What Seems True was inspired by a true crime on the Texas Gulf Coast in 1979.
“Award-winning author, J. D. Garrison returns with East Texas mayhem in the crime fiction novel, WHAT SEEMS TRUE. These larger-than-life characters deliver an entertaining read of lust, oil, good old boys, and one femme fatale.”—Johnnie Bernhard, author of SISTERS OF THE UNDERTOW
“Smart and sensual, atmospheric, you can feel the humidity of the Texas Gulf Coast, smell the smoke-filled boardrooms and musty motels, the exhaust belching forth from the refinery that lights up the night sky like a fairyland in James
Garrison’s latest novel, What Seems True … a savvy tale full of grit and grime and passion, vivid characters, and a male narrator who will appeal to both men and women.
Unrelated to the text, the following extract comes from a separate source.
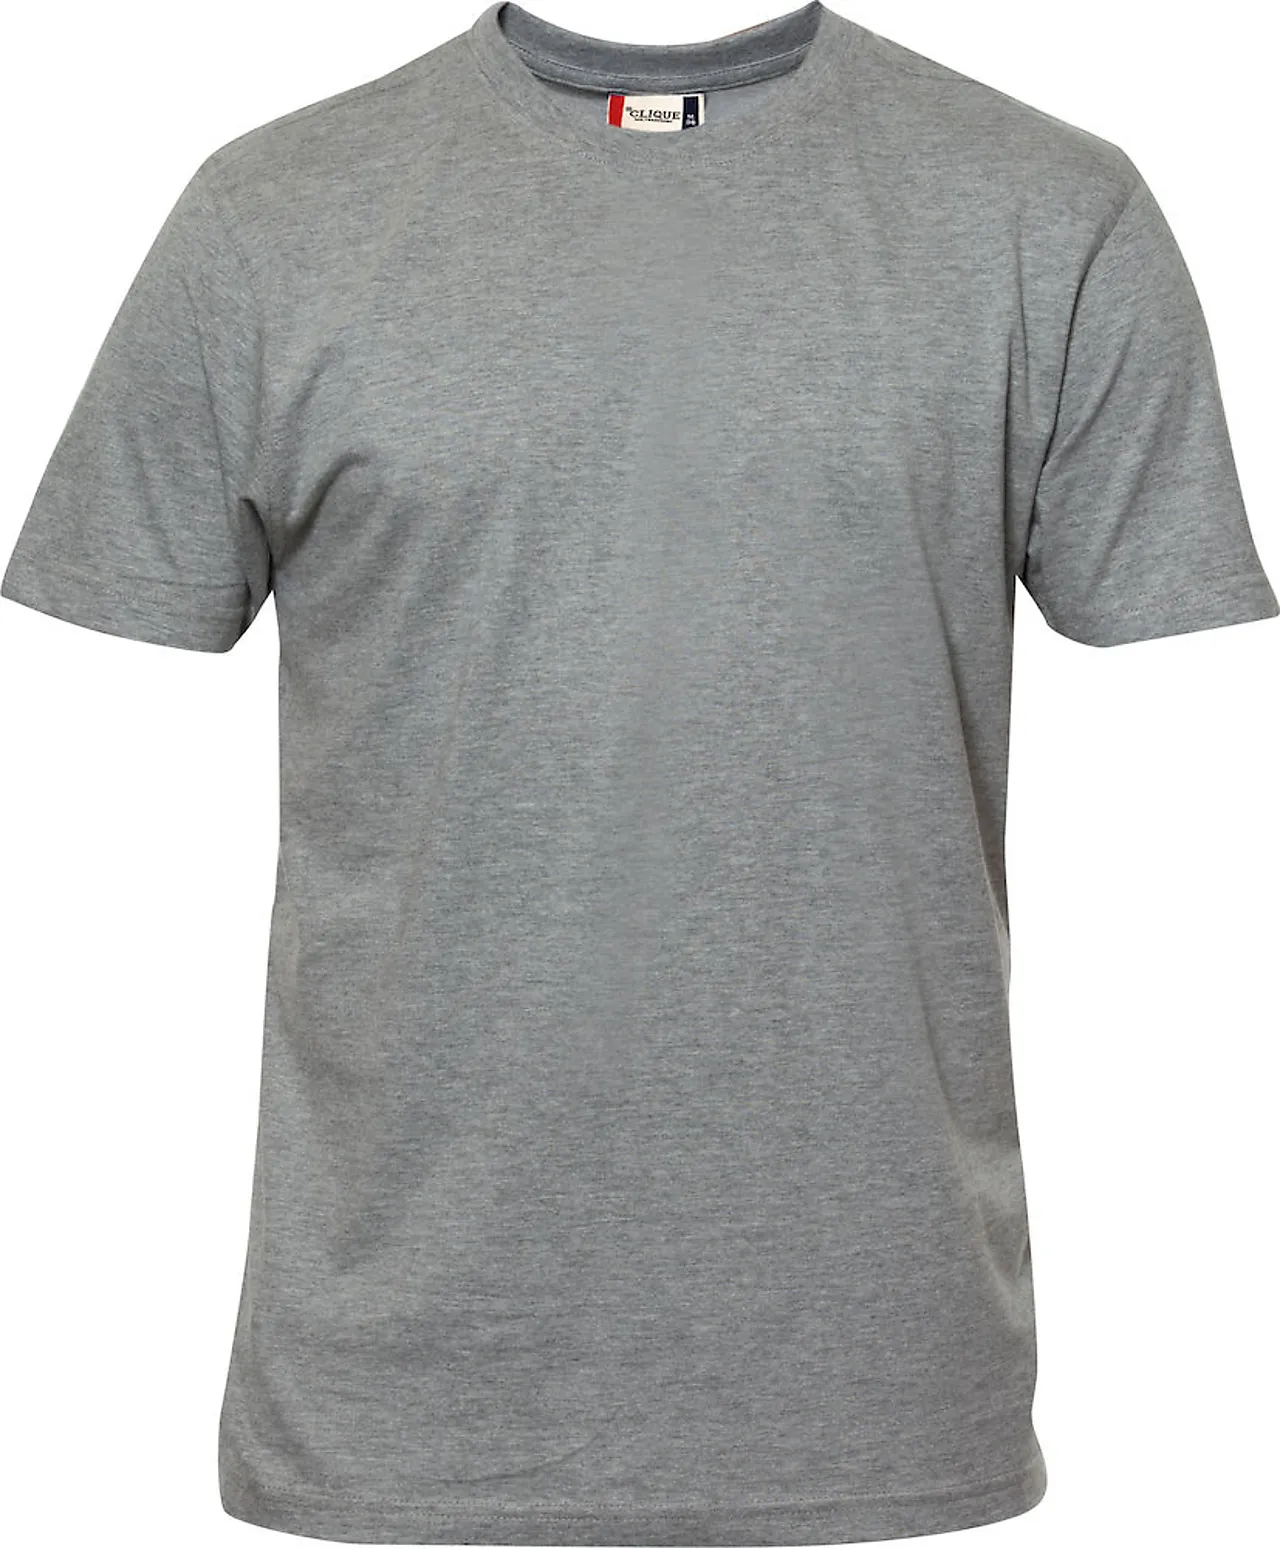 T-skjorte premium 029340 grå xxl

You will find yourself rooting for Attorney Dan Esperson, even when you are cringing at some of his choices … I highly recommend it.”—Kathleen M. Rodgers, Winner of the 2020 MWSA Founder's Award and author of THE FLYING CUTTERBUCKS
Jim Garrison is a recovering lawyer who lives and writes in Houston, Texas. Born in Statesville, North Carolina, he attended the University of North Carolina, where he nurtured his interest in creative writing, and Duke University Law School. After his first year in law school, he took a long sabbatical at Uncle Sam’s expense to tour the Mekong Delta, along with a couple of side jaunts to Tokyo and Sydney, whetting his appetite to visit exotic places. He arrived home from Vietnam on Christmas morning in 1970 and returned to Duke Law School the next month. After graduation and marriage to his best friend (providing them the occasion for travel to South America), he set out on a first career practicing law in a boutique law firm and then with big oil corp., visiting such exotic places as Al Khobar, Saudi Arabia, and Port Arthur, Texas. Following a corporate merger in which he was paid to go away, he decided to stay home for the kids, one living in Berlin, Germany, the other in Delaware—just in case they called. And they did call. That’s when he started writing QL4, which he’d been mulling over for years.